Disease Control and Prevention Center, National Center for Global Health and Medicine, 1-21-1 Toyama, Shinjuku-ku, Tokyo, 162-8655, Japan.
Disease Control and Prevention Center, National Center for Global Health and Medicine, 1-21-1 Toyama, Shinjuku-ku, Tokyo, 162-8655, Japan; AMR Clinical Reference Center, National Center for Global Health and Medicine, 1-21-1 Toyama, Shinjuku-ku, Tokyo, 162-8655, Japan.
J Infect Chemother. 2021 Jul;27(7):1043-1050. doi: 10.1016/j.jiac.2021.04.008. Epub 2021 Apr 12.
Most of the currently used prognostic models for COVID-19 are based on Western cohorts, but it is unknown whether any are applicable to patients with COVID-19 in Japan.
This retrospective cohort study included 160 patients with COVID-19 who were admitted to the National Center for Global Health and Medicine between January 26, 2020 and July 25, 2020. We searched PubMed for prognostic models for COVID-19. The predicted outcome was initiation of respiratory support or death. Performance of the candidate models was evaluated according to discrimination and calibration. We recalibrated the intercept of each model with our data. We also updated each model by adding β2-microglobulin (β2MG) to the model and recalculating the intercept and the coefficient of β2MG.

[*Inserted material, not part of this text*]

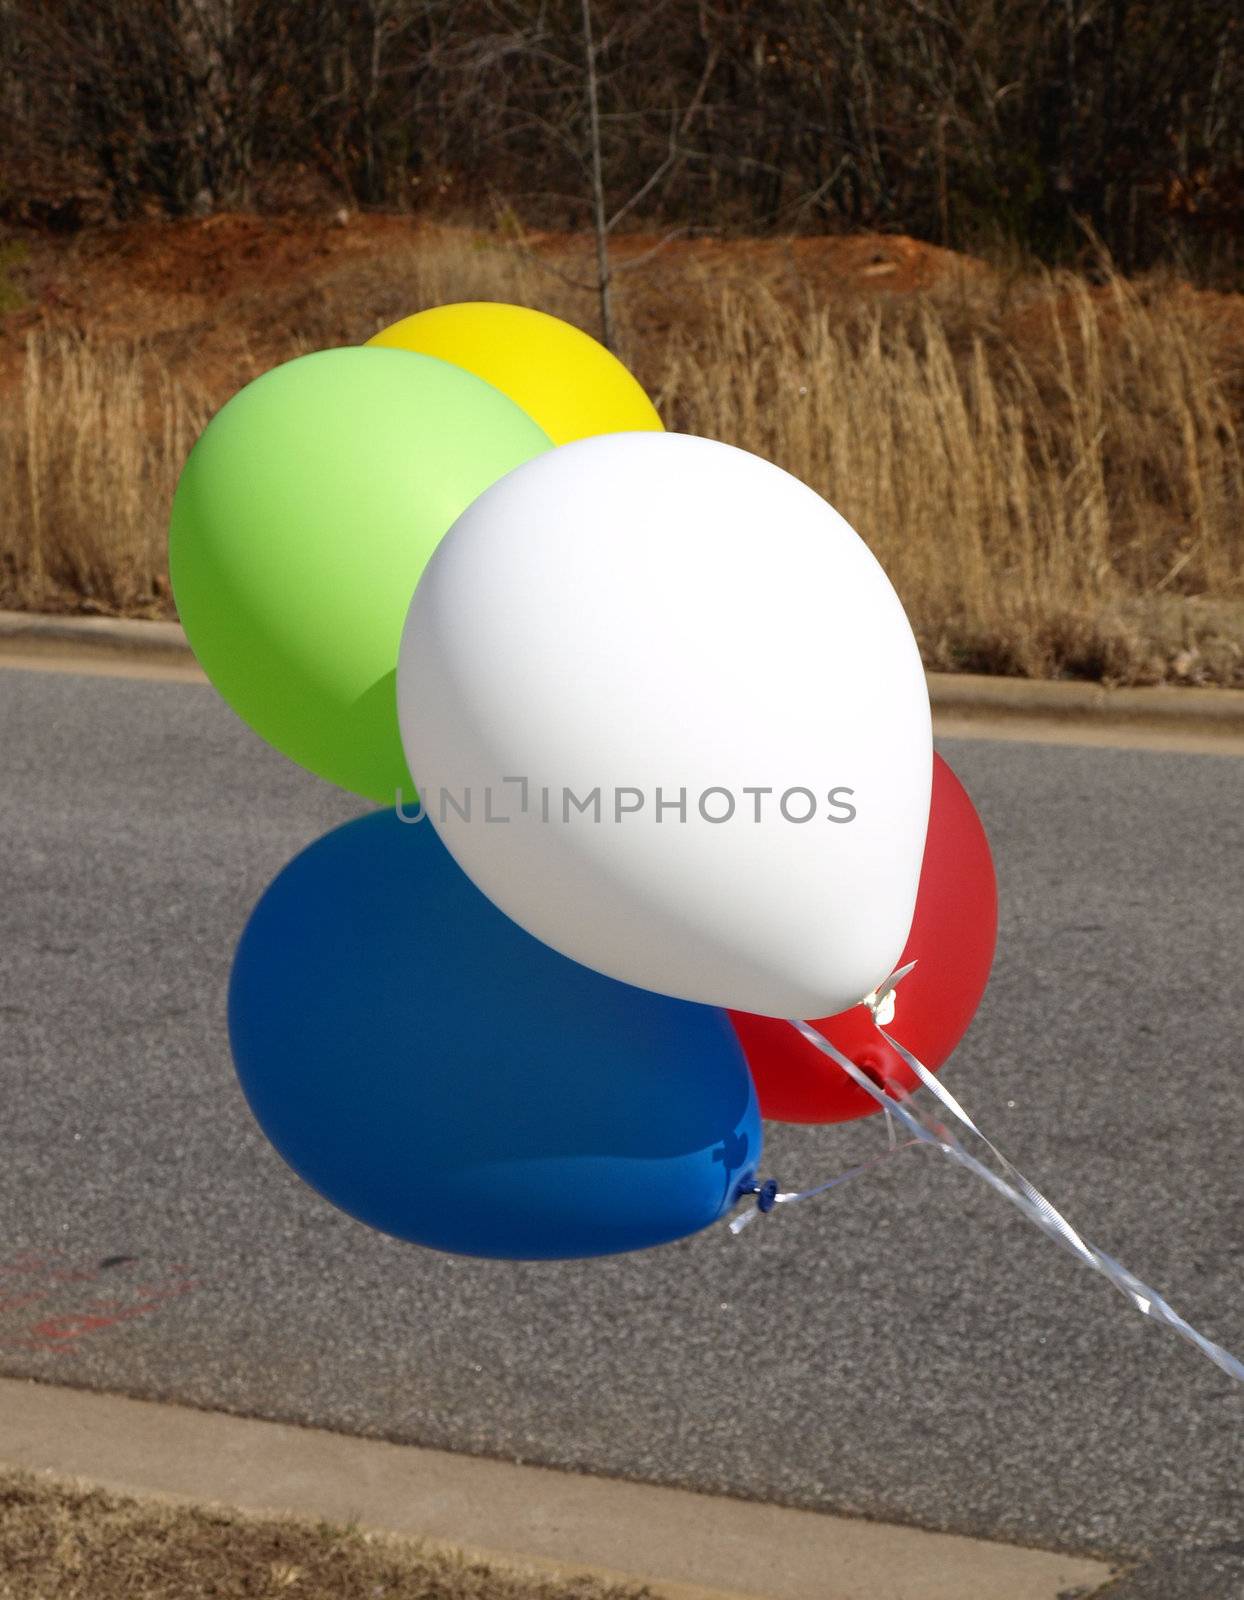 Balloons up close in the road to show where to turn

Mean patient age was 49.8 years, 68% were male, 88.7% were Japanese. The study outcomes occurred in 15 patients, including two deaths. Two-hundred sixty-nine papers were screened, and four candidate prognostic models were assessed. The model of Bartoletti et al. had the highest area under receiver operating characteristic curve (AUC) (0.88; 95% confidence interval 0.81-0.96). All four models overestimated the probability of occurrence of the outcome. None of the four models showed statistically significant improvement in AUCs by adding β2MG.

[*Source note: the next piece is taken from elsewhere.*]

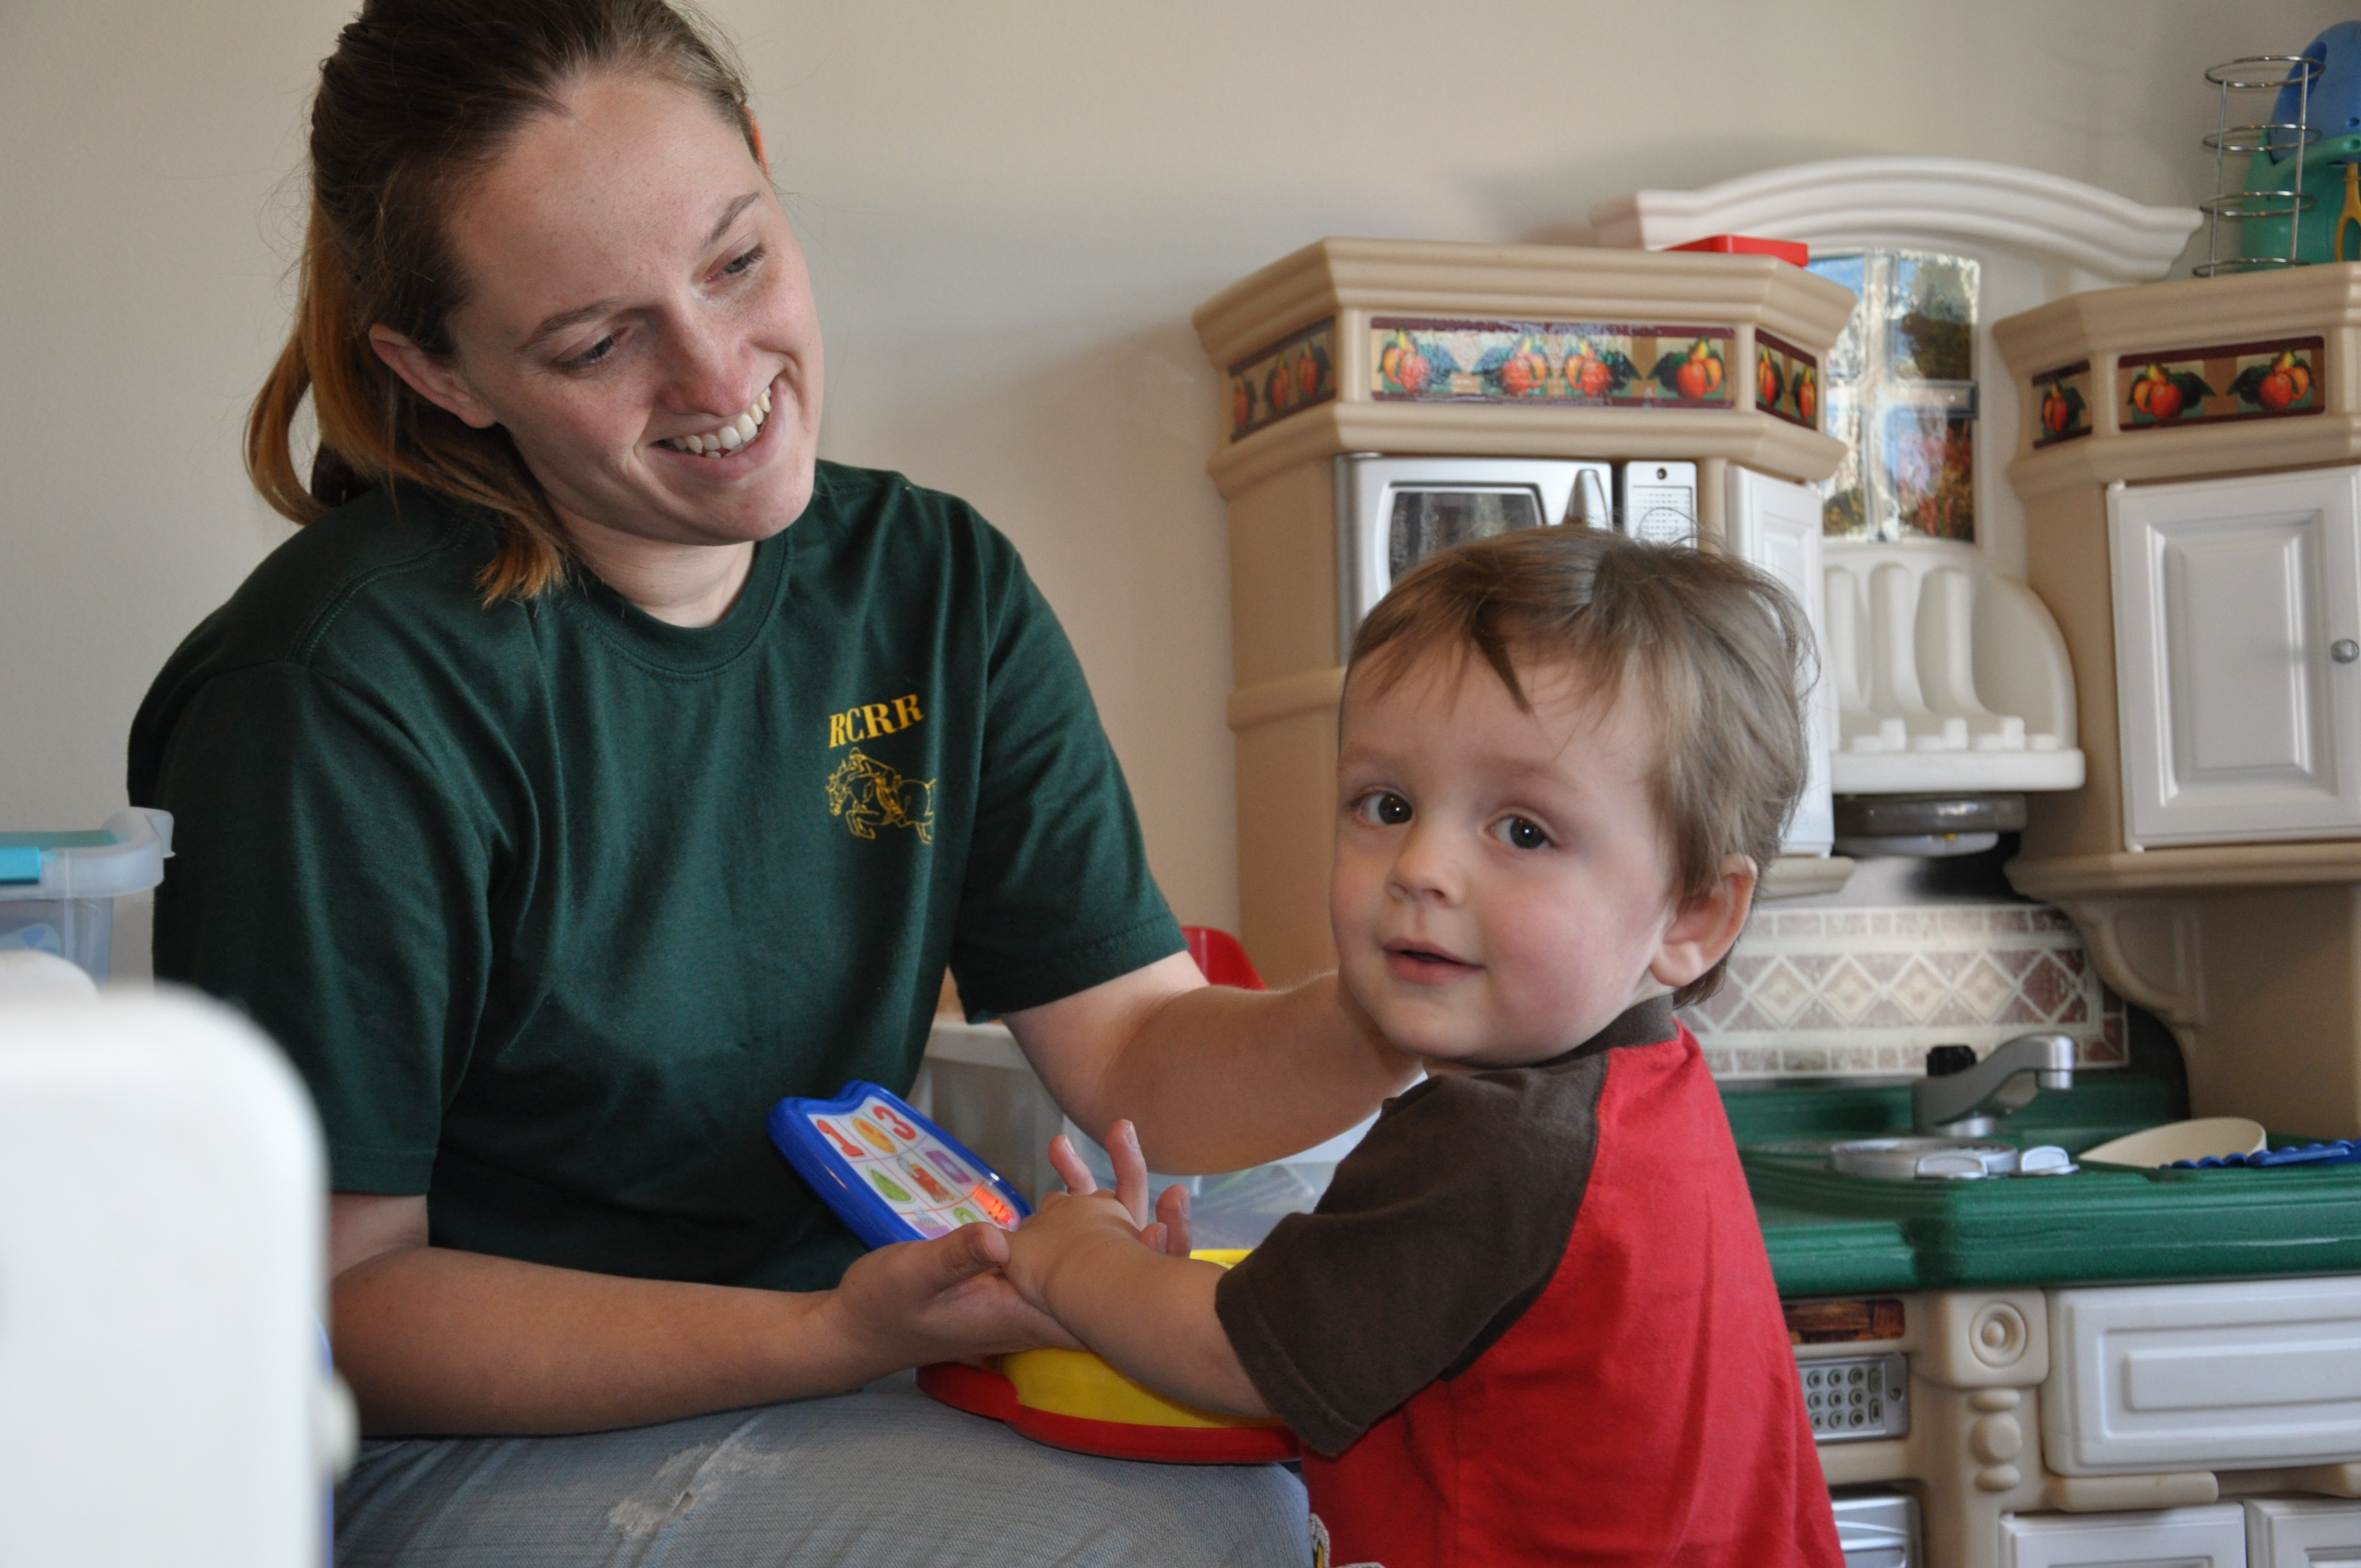 Daycare Provider Deductions That You Don’t Want to Miss

Our results suggest that the existing prediction models for COVID-19 overestimate the probability of occurrence of unfavorable outcomes in a Japanese cohort. When applying a prediction model to a different cohort, it is desirable to evaluate its performance according to the prevalent health situation in that region.

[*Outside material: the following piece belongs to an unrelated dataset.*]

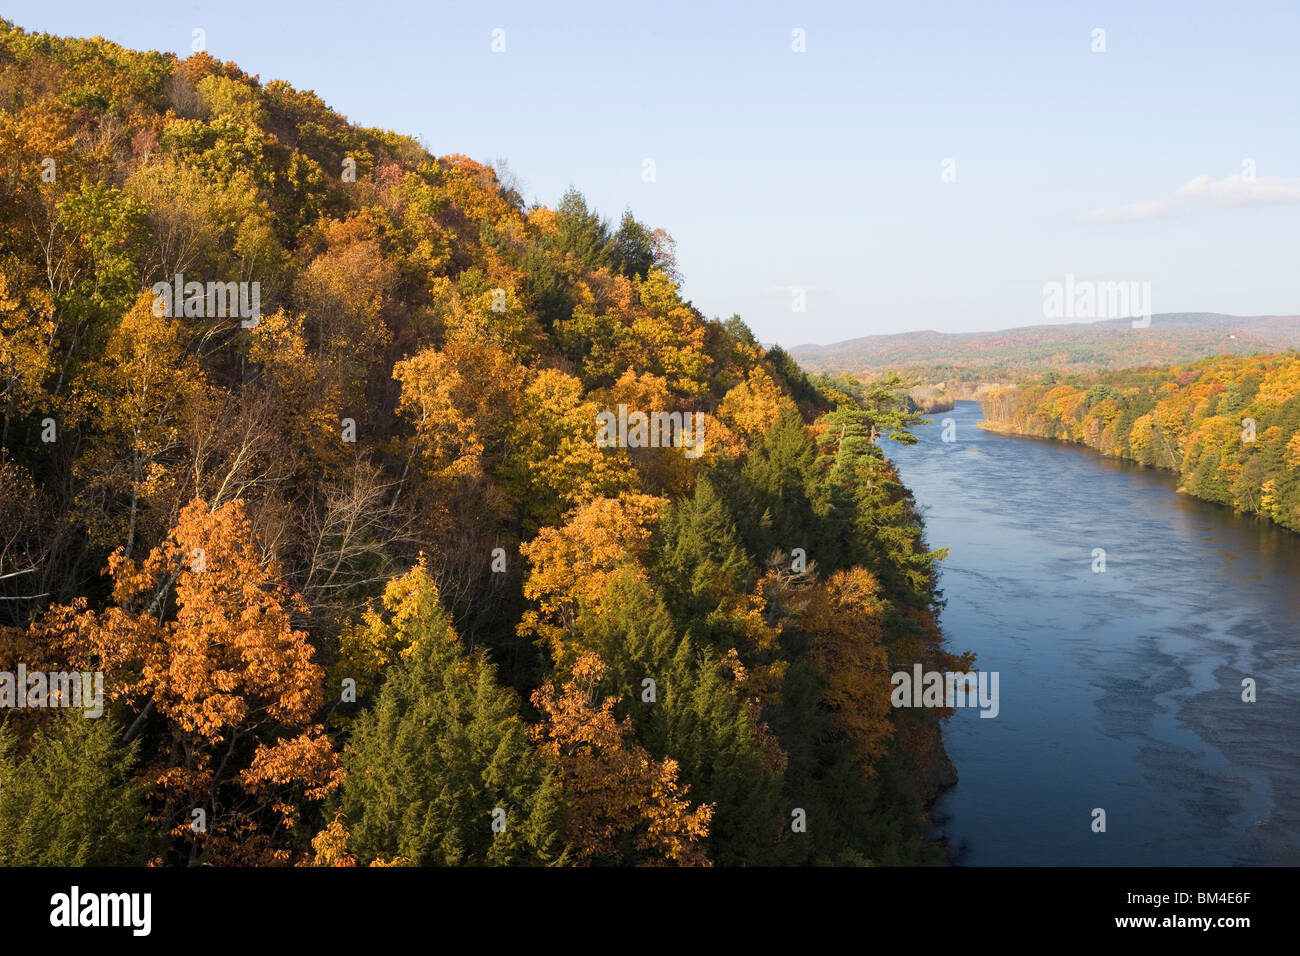 The Connecticut River in fall as seen from the French King Bridge in Erving, Massachusetts.  Route 2 - Mohawk Highway. Stock Photo

目前用于 COVID-19 的大多数预后模型都是基于西方队列的,但尚不清楚这些模型中是否有任何一个适用于日本的 COVID-19 患者。
本回顾性队列研究纳入了 2020 年 1 月 26 日至 2020 年 7 月 25 日期间入住国立全球卫生与医学研究中心的 160 例 COVID-19 患者。我们在 PubMed 上检索 COVID-19 的预后模型。预测结果为开始呼吸支持或死亡。根据判别和校准评估候选模型的性能。我们用我们的数据重新校准每个模型的截距。我们还通过向模型中添加β2-微球蛋白(β2MG)并重新计算截距和β2MG 的系数来更新每个模型。
患者平均年龄为 49.8 岁,68%为男性,88.7%为日本人。研究结果发生在 15 例患者中,包括 2 例死亡。筛选出 269 篇论文,并评估了四个候选预后模型。Bartoletti 等人的模型具有最高的接受者操作特征曲线(AUC)(0.88;95%置信区间 0.81-0.96)。所有四个模型都高估了不良结局发生的概率。在添加β2MG 后,四个模型的 AUC 均无统计学显著改善。
我们的结果表明,现有的 COVID-19 预测模型高估了日本队列中不良结局发生的概率。当将预测模型应用于不同的队列时,根据该地区的流行健康状况评估其性能是可取的。